Research by insurers Saga revealed that 2.3m over 50s are planning to drive their car abroad this year. Whilst most will by now be aware of the need to take warning triangles and reflective jackets with them to drive on the continent, some 1.8m may still fall foul of the latest French driving regulations.

Only 8% of over 50s planning on driving in France this year plan to take a breathalyser with them, which means the vast majority could find themselves in trouble with the French authorities.

Roger Ramsden, chief executive at Saga Services, said: “There needs to be a huge drive to make people aware of this new law, whilst 98% of us now know that we ought to pack a warning triangle when we drive in France, only 8% plan to take a breathalyser. For many British motorists the French welcome this summer may be less ooh la la and more oh my god as they present you with an €11 fine.”

From the 1st of July, drivers in France will be required to have an unused breathalyser that conforms to French standards, with them in the car. Breathalyser kits cost around £2 each, but the fine for not having one will set people back €11, this could leave the over 50s facing up to €20m in French fines this year.

The French requirement is to carry one breathalyser at all times, however Saga is advising people to take two, in case of emergency situations.

Saga also advises that all motorists planning to drive on the continent should check the rules of the road for each country they plan to drive through. A warning triangle, reflective jacket and a first aid kit are required in most EU countries, but rules on speed limits, safe alcohol limits and many other driving laws vary from country to country.

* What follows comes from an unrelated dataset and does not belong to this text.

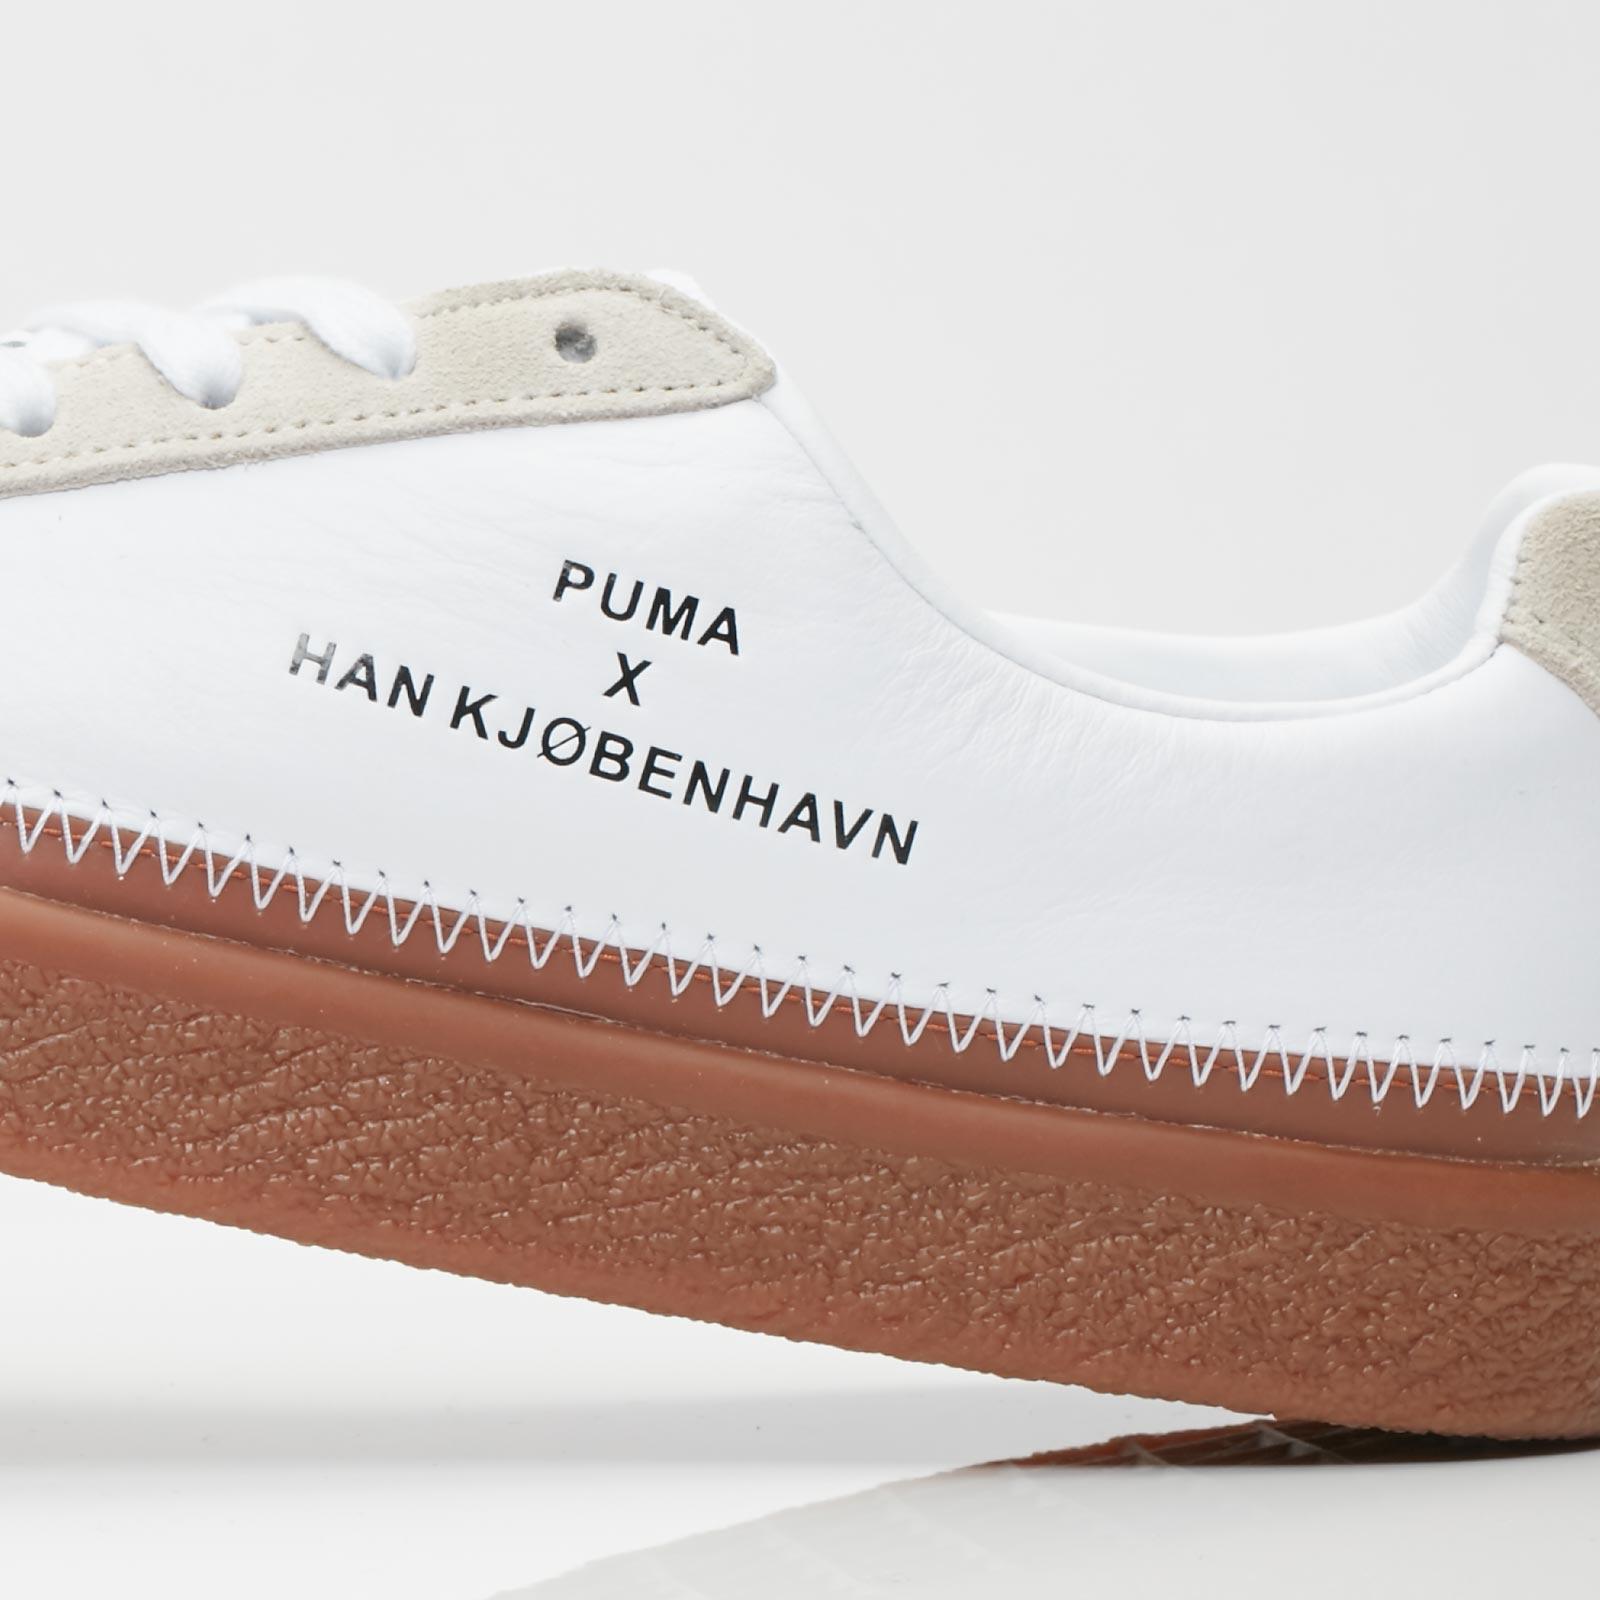 Puma Clyde Stitched x Han Kjøbenhavn - 364474-01 - Sneakersnstuff ... af7de93b8

These new measures are being taken out by the French authorities in a bid to cut down on drink driving, however research by the Institute of Advanced Motorists (IAM), show that 82% of people set to head to the continent think that the new regulations will have no effect on reducing drink driving.

Only 13% said that the new regulations will reduce people driving over the limit, and 70% said that drivers will only carry them to comply with the law, and will not change their behaviour.

Despite a general scepticism about the impact these new regulations will have, according to the IAM, compliance is set to be high. IAM advises that the easiest way to tell if the breathalyser complies with the French legislation is to make sure it has the blue circular NF logo, the French equivalent of the BSI kite mark in the UK.